780Area 4. Between the human and the non-human: critical recompositions/en/research-topics/research-topics-2025/780-axe-4-2025-EN
The work taking place under this theme is oriented by a twofold observation: first, the awareness of the upheaval or impoverishment of human ecologies known as the “Anthropocene” has been reflected in the humanities by the deployment of inquiries aimed at repopulating the social sciences with new entities (hitherto referred to by default as “non-human”), as well as by increased attention to the correlations and interdependencies between phenomena on a deeply variable scale. The second observation is the growing rise of a political sensibility that attempts to bring habitability back to the forefront and emphasizes its relational and material nature. Paradoxically, however, everything seems to be done to render these two aspects invisible: the materiality of our surroundings, infrastructures, environments, and processes of composition, but also ecological chains of interdependence and the diversity of modes of association and relationship.
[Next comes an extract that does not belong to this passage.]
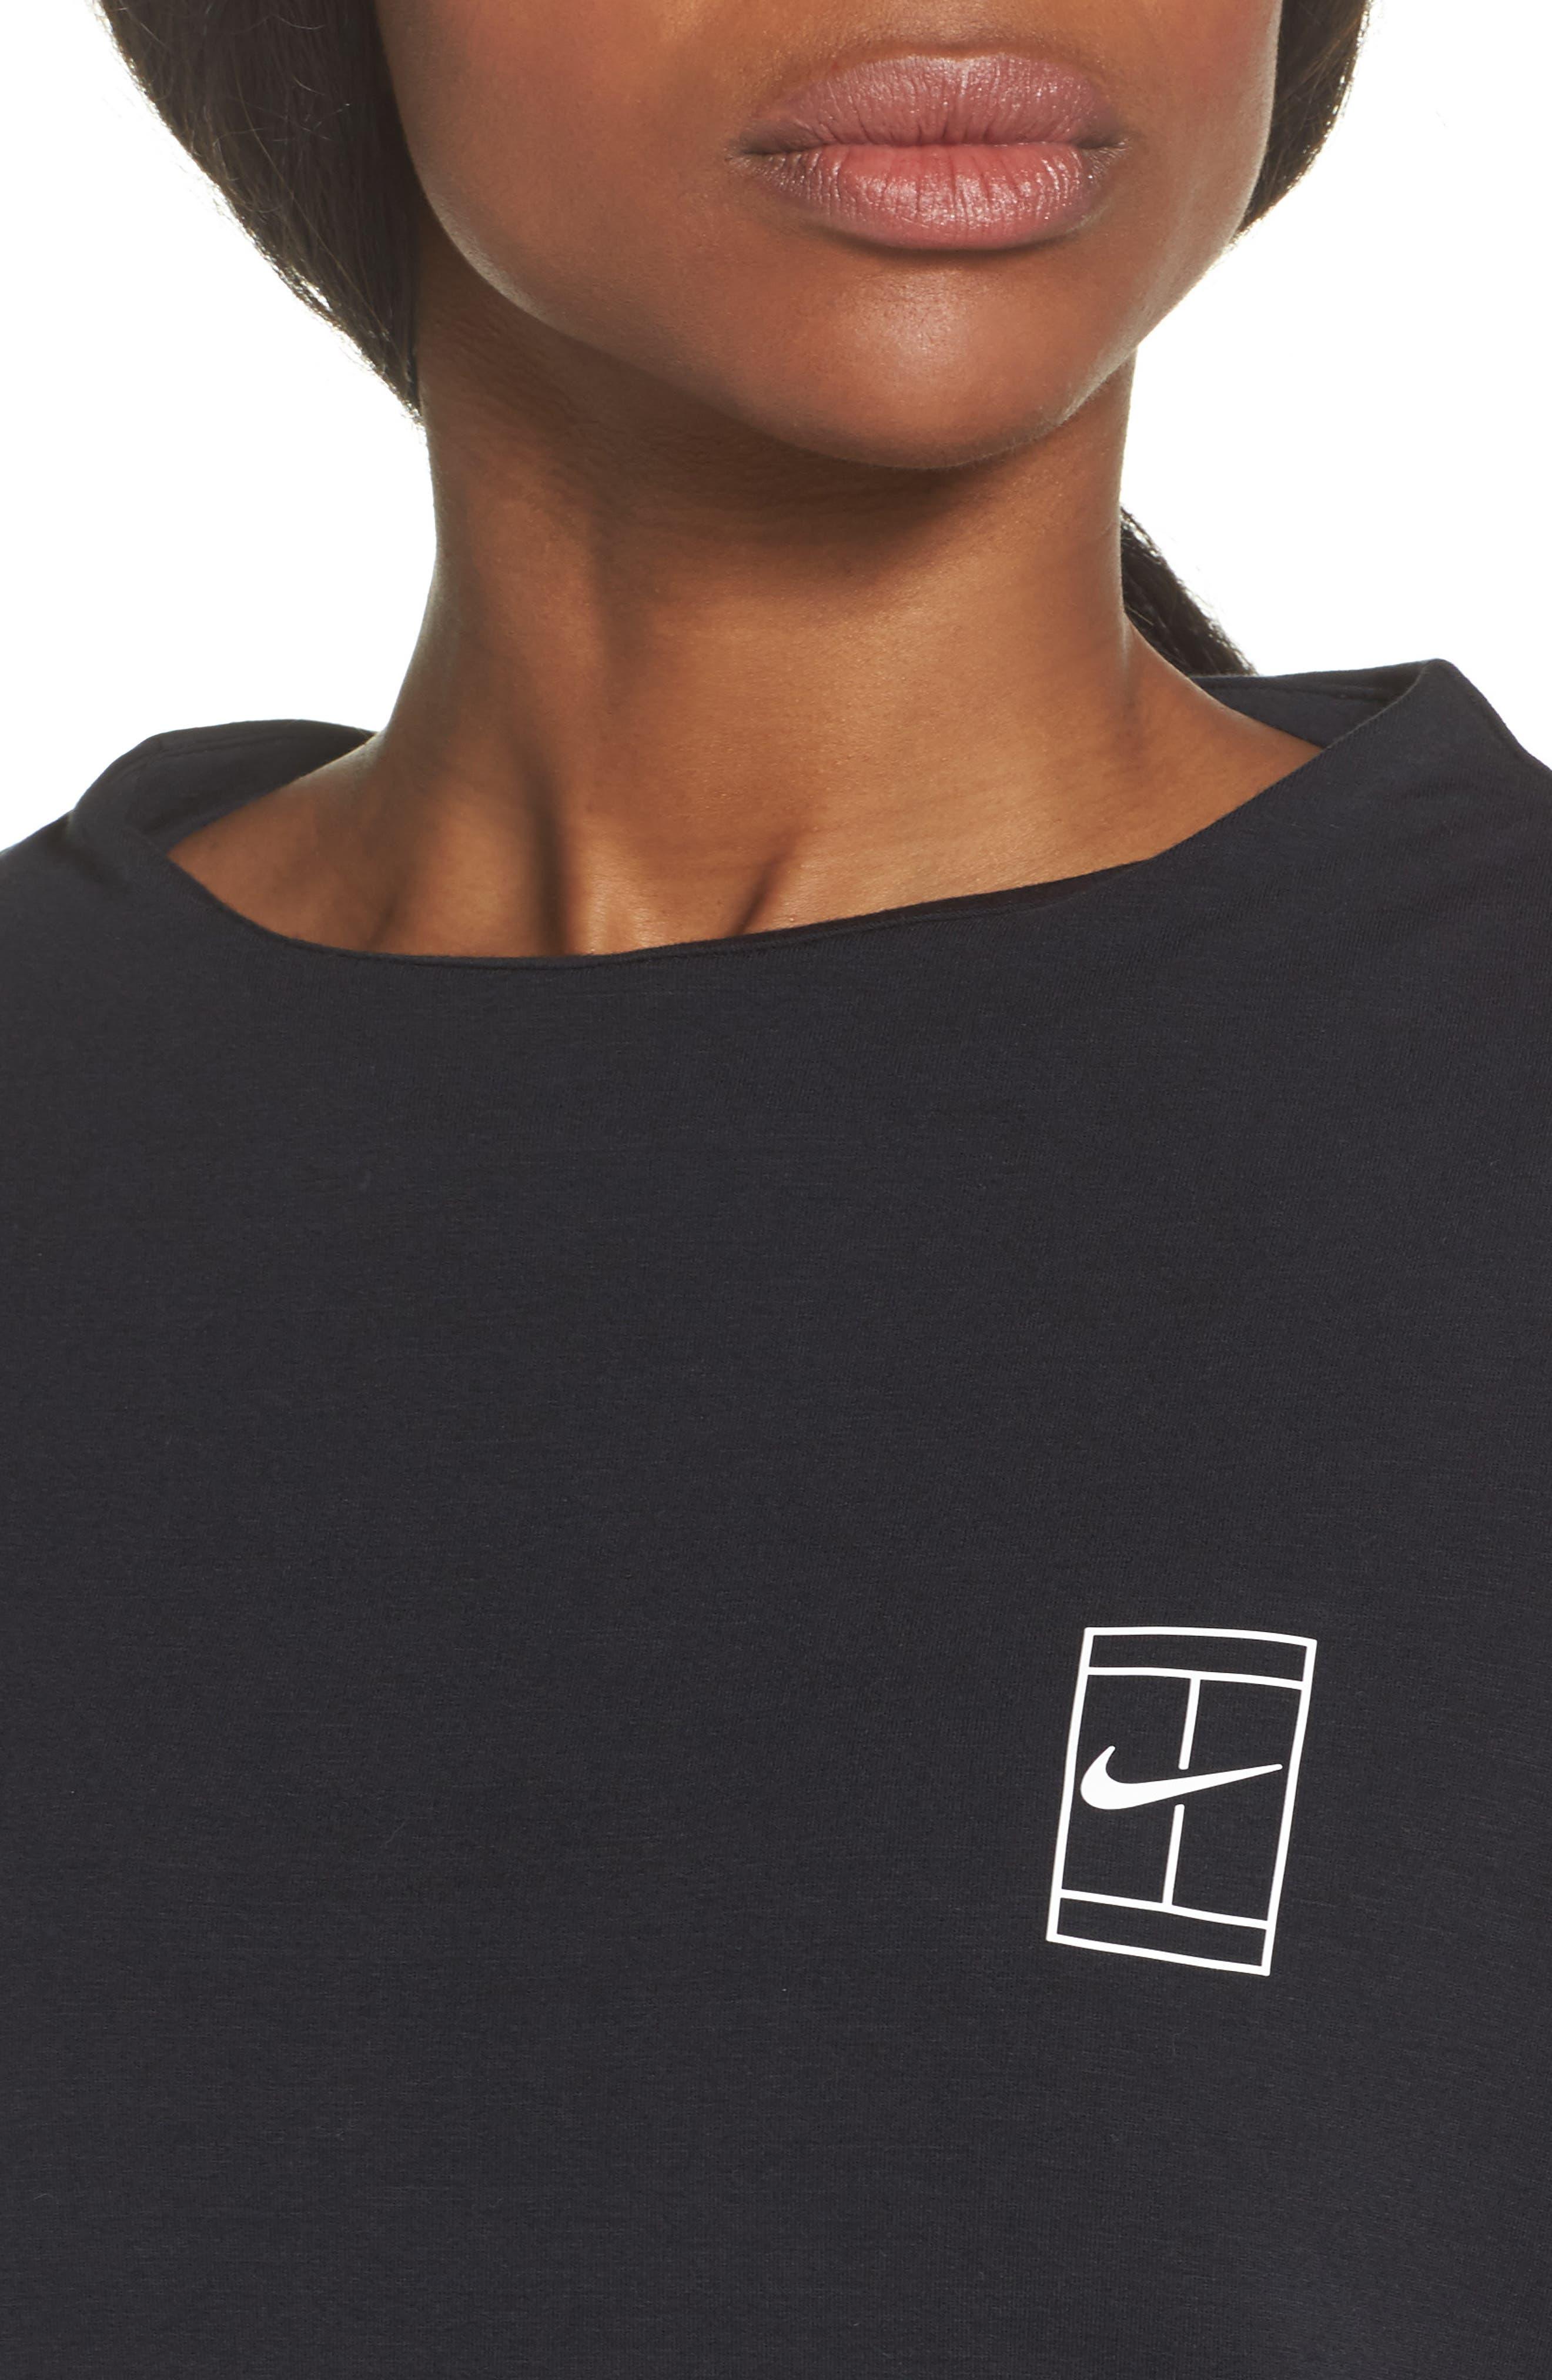 Court Dri-FIT Long Sleeve Tennis Top,                             Alternate thumbnail 4, color,                             Black/ White
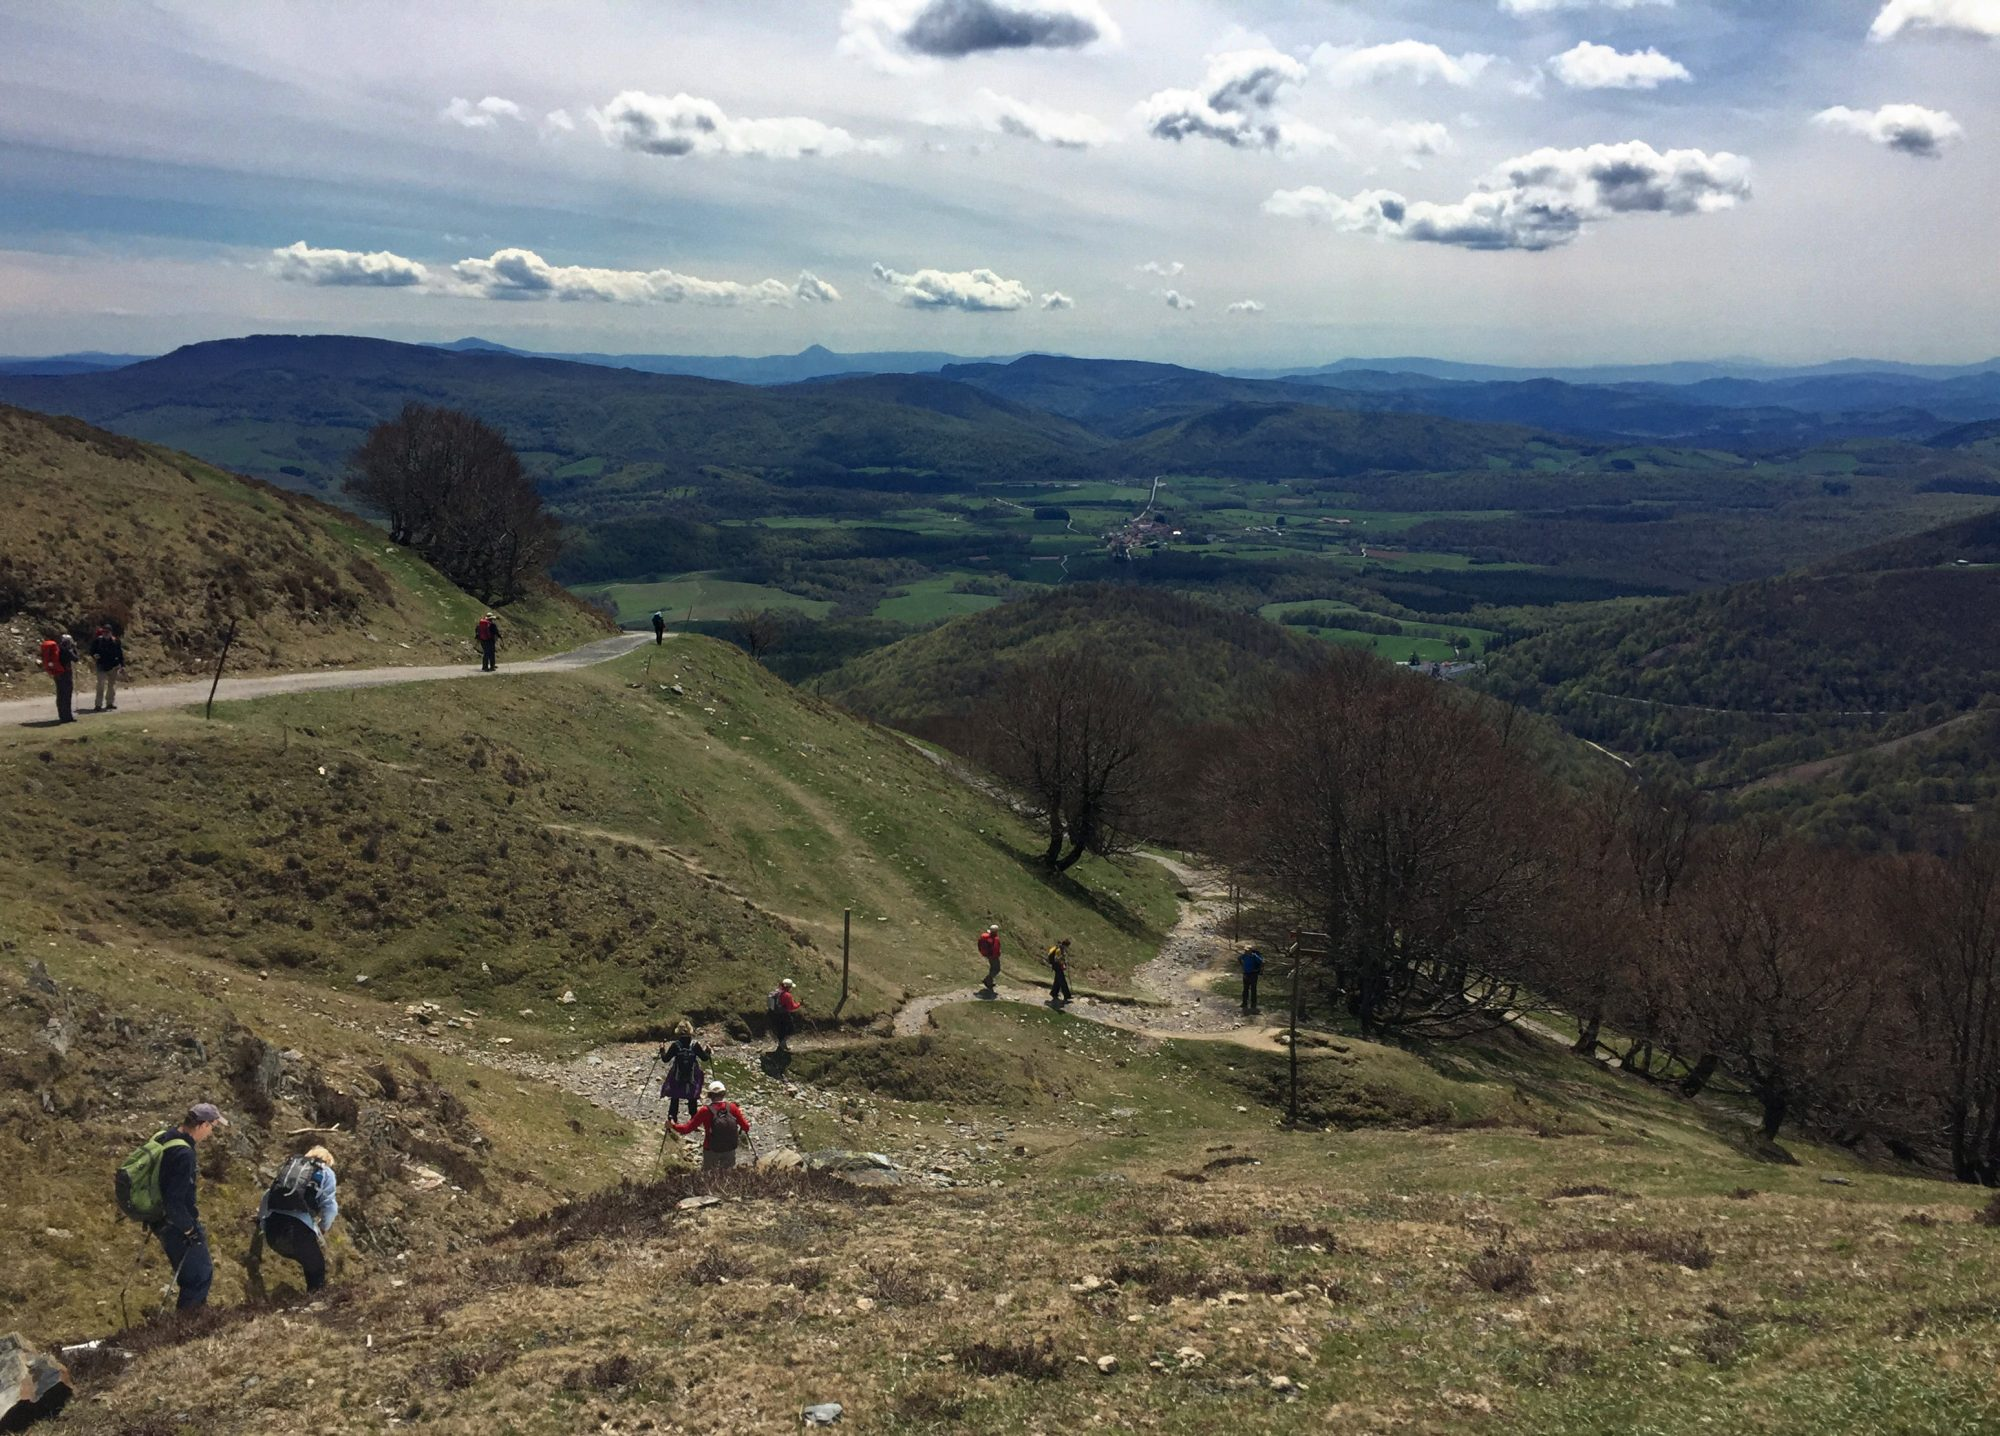 Wanderwege auf dem Ibaneta Pass, Camino Francés, Wandern, Wandertour, Pilgern, Jakobsweg, Pyrenäeen, Frankreich, Spanien

Anthropology over the last thirty years has largely contributed to making use of this point of view to critique the project of the “moderns,” a project synonymous with the impoverishment or even purification of the composition of the world. The critique highlights the imposition of a division between the human and the non-human based in part on the attribution of anthropocentric capacities and relationships. The work in this area aims, on an empirical level, to continue the motion of the kind of inquiry that has already been initiated, while radically renewing it on a theoretical level. Three types of problems arise: How can we describe the composition of the things and environments of human beings? Up to which scales is it interesting for anthropology to situate itself? To what (im)perceptibles should we be sensitive?